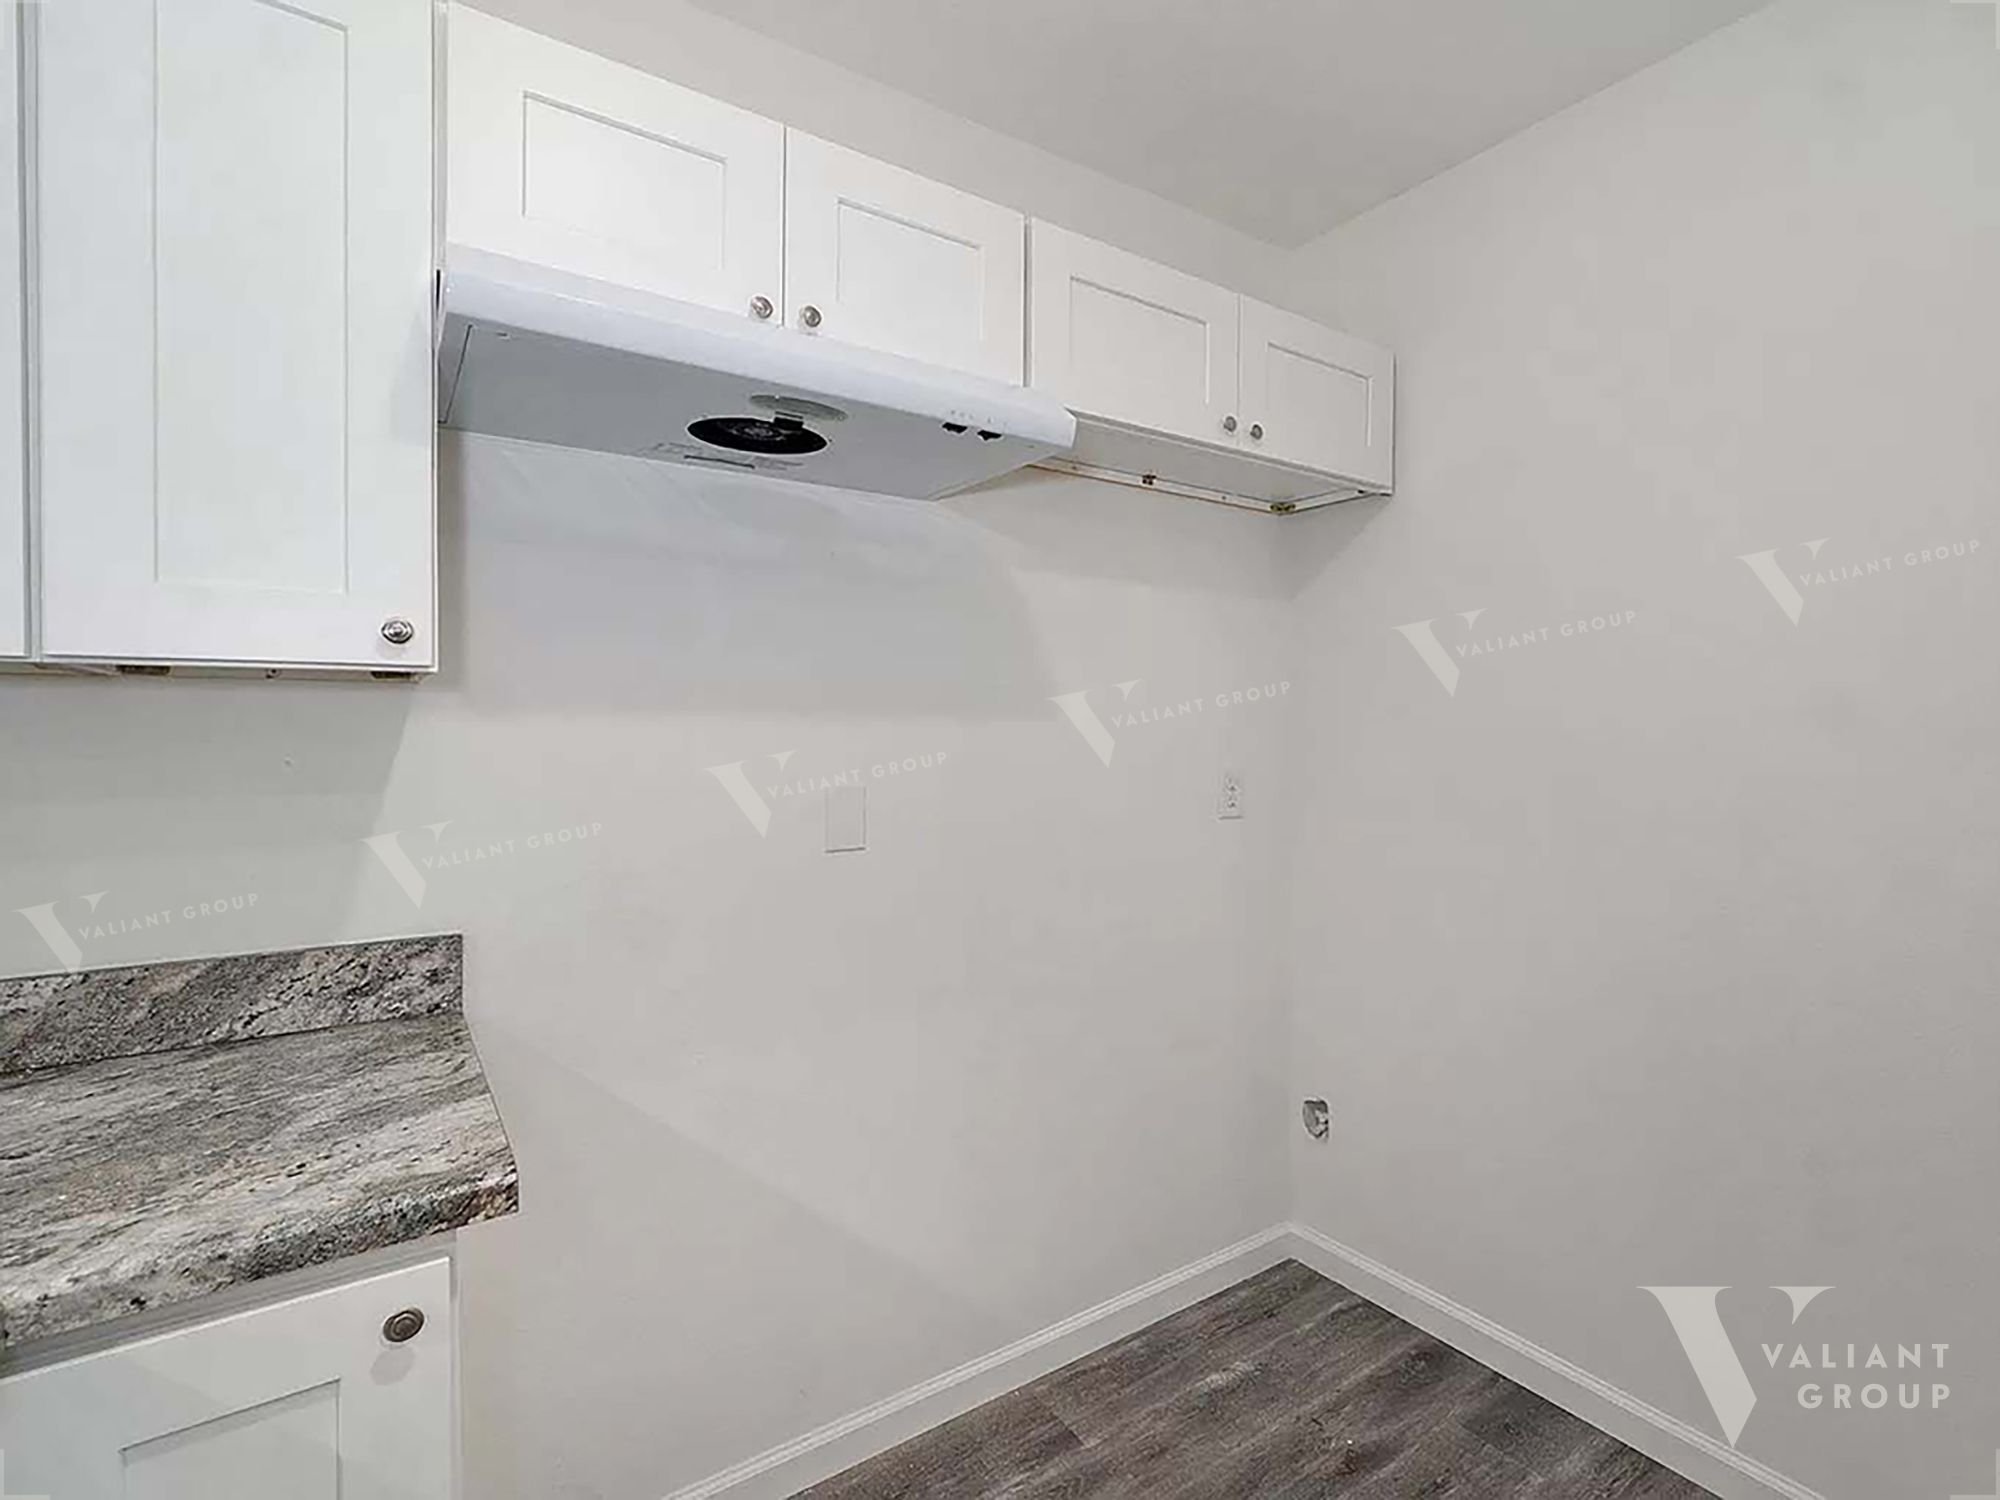 Rental Duplex Springfield MO 1610 W Scott Unit A - stove and fridge.jpg
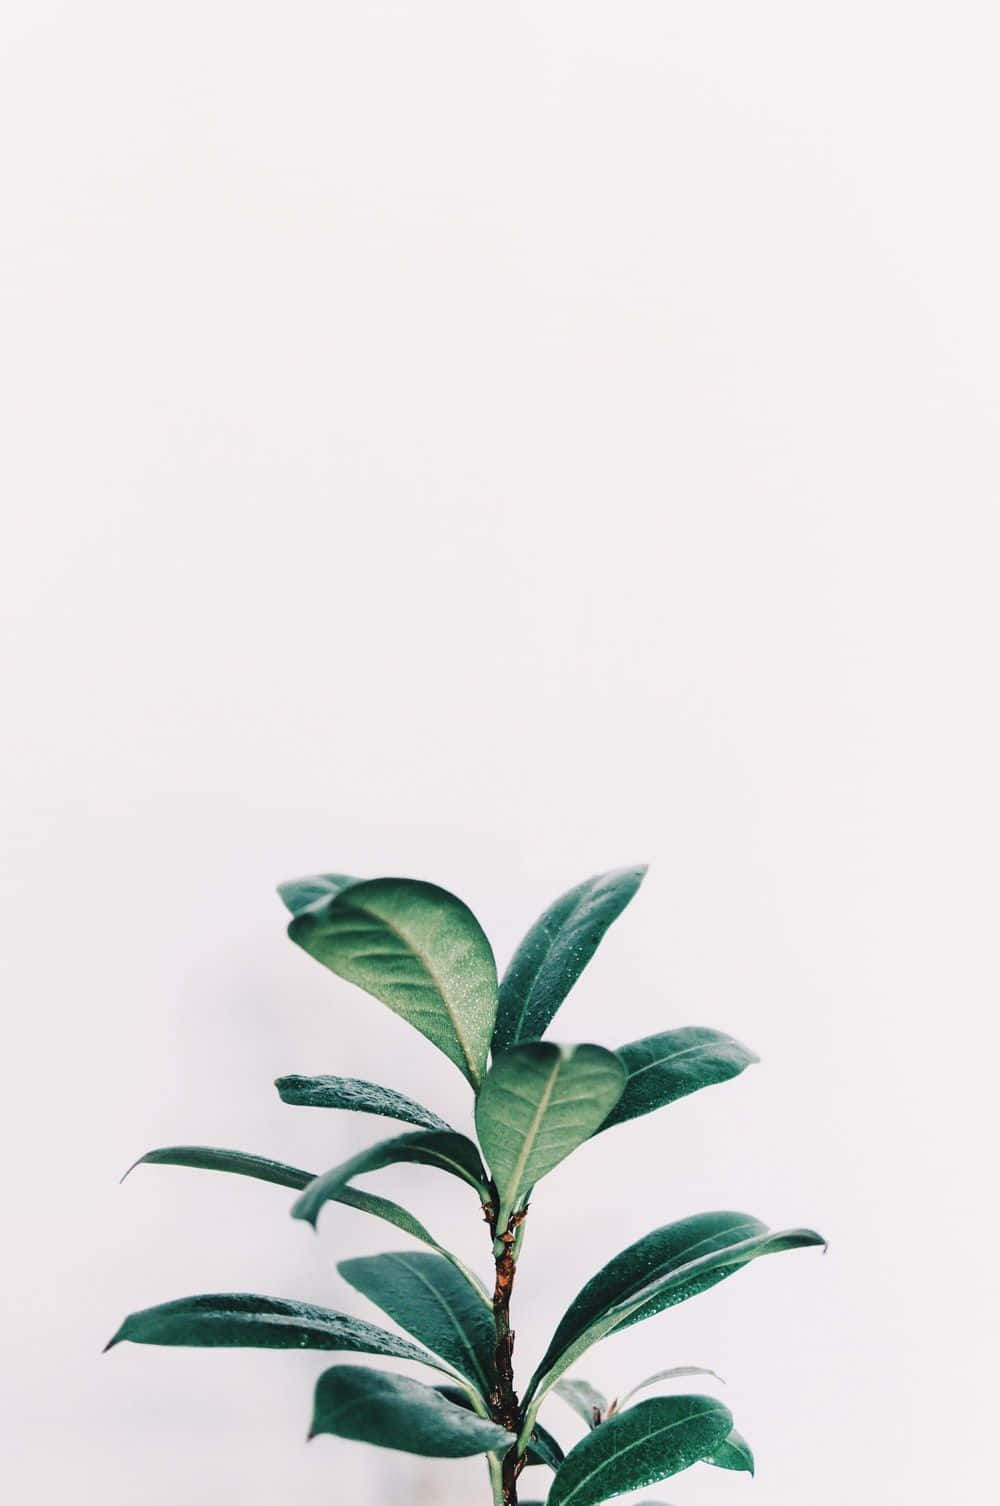 “Enjoy the minimalist aesthetic of an iPhone.” Wallpaper
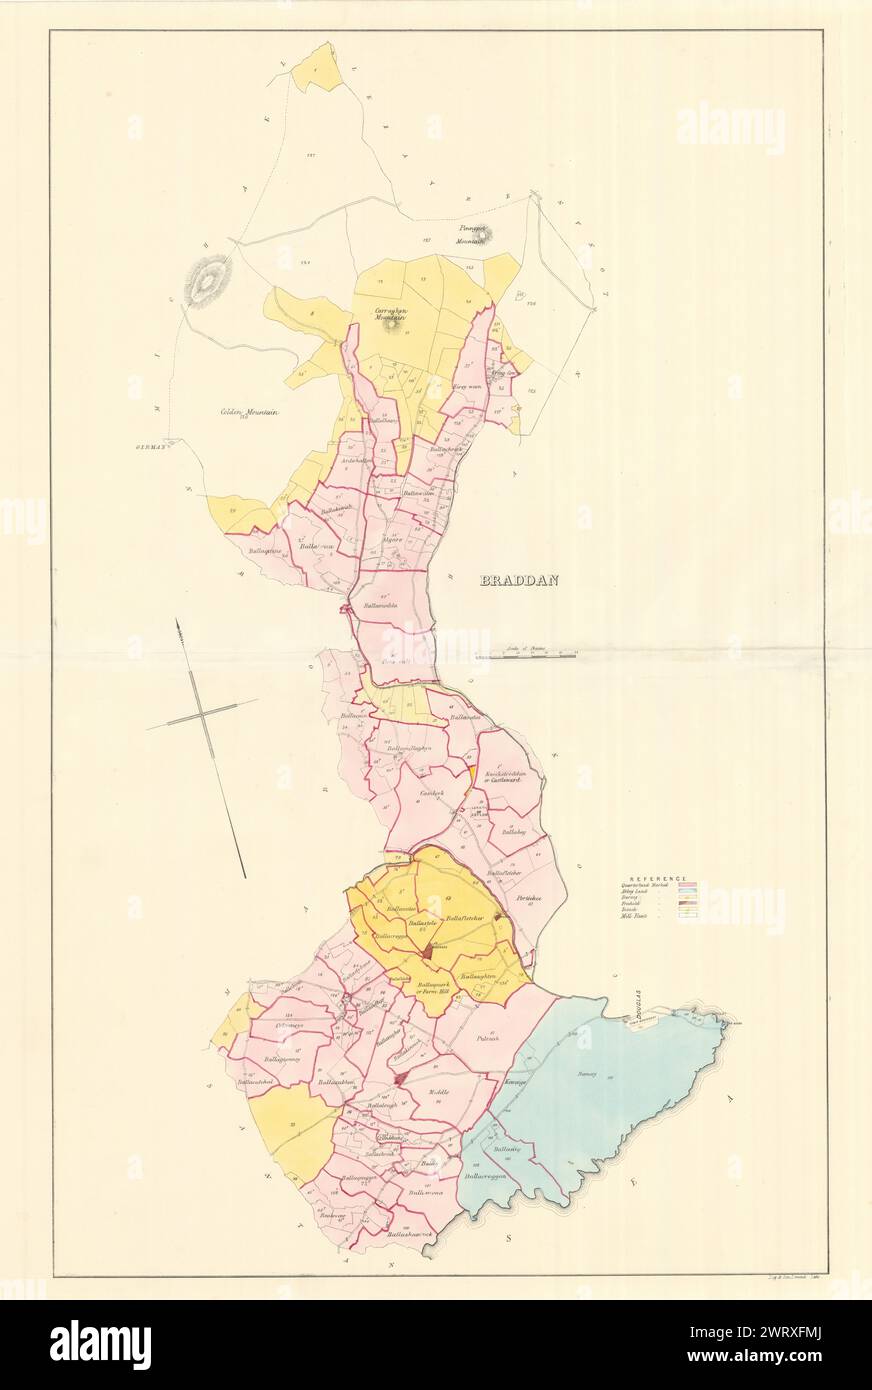 Braddan Parish, Middle Sheading, Isle of Man by James Woods 1829 old map Stock Photo
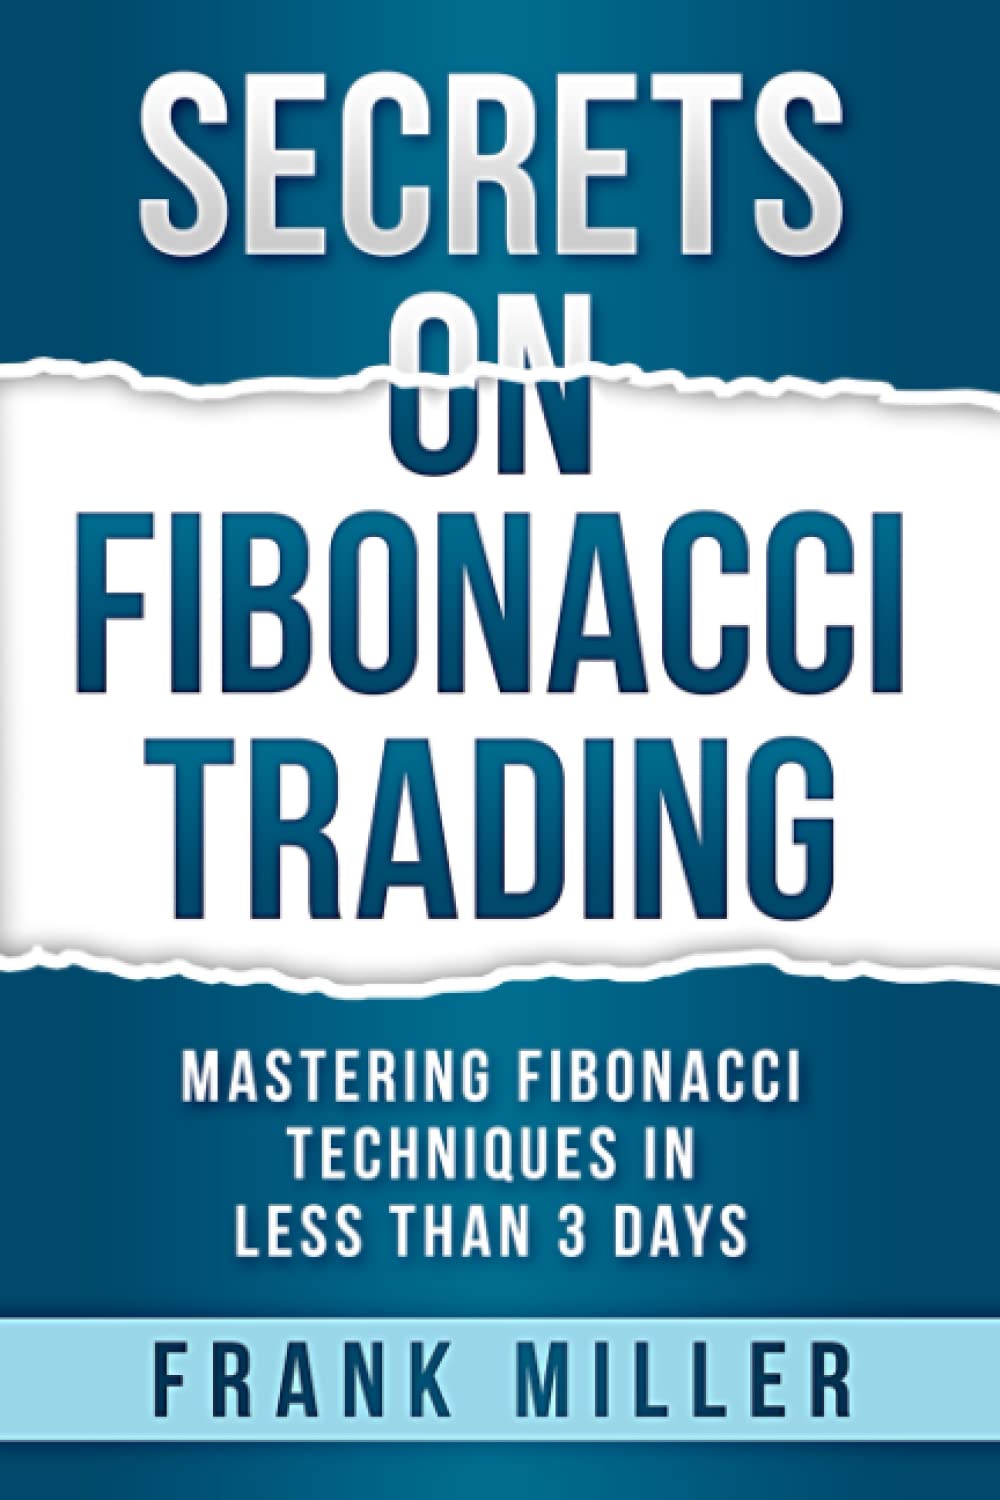 Secrets On Fibonacci Trading: Mastering Fibonacci Techniques In Less Than 3 Days, by Frank Miller
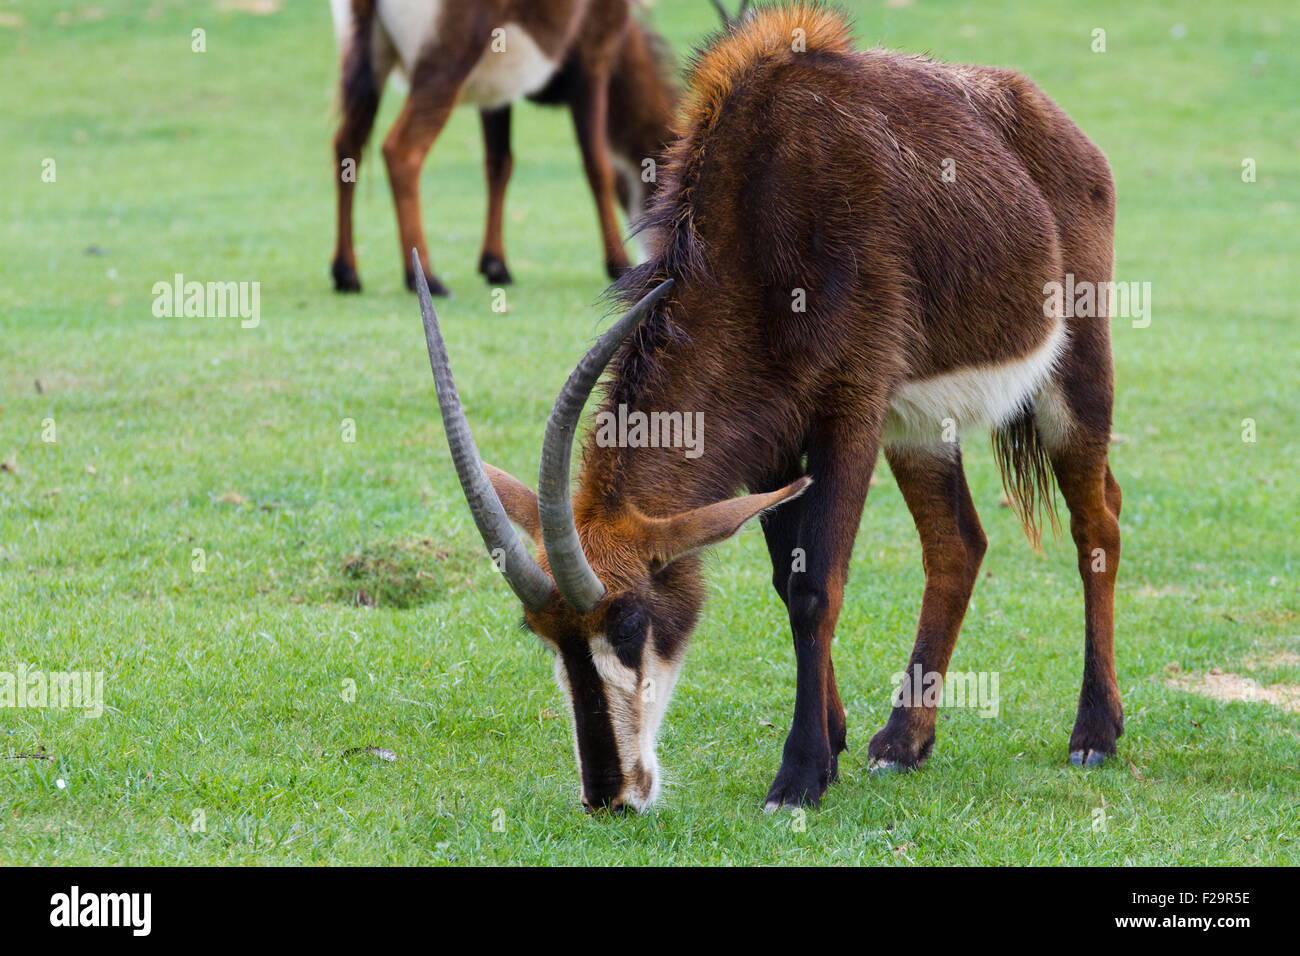 Sable antelope animal eating grass Stock Photo

> Task
Omit pictures and output the listing exactly.

> Exercise solution
 Rental Duplex Springfield MO 1610 W Scott Unit A - stove and fridge.jpg
 “Enjoy the minimalist aesthetic of an iPhone.” Wallpaper
 Braddan Parish, Middle Sheading, Isle of Man by James Woods 1829 old map Stock Photo
 Secrets On Fibonacci Trading: Mastering Fibonacci Techniques In Less Than 3 Days, by Frank Miller
 Sable antelope animal eating grass Stock Photo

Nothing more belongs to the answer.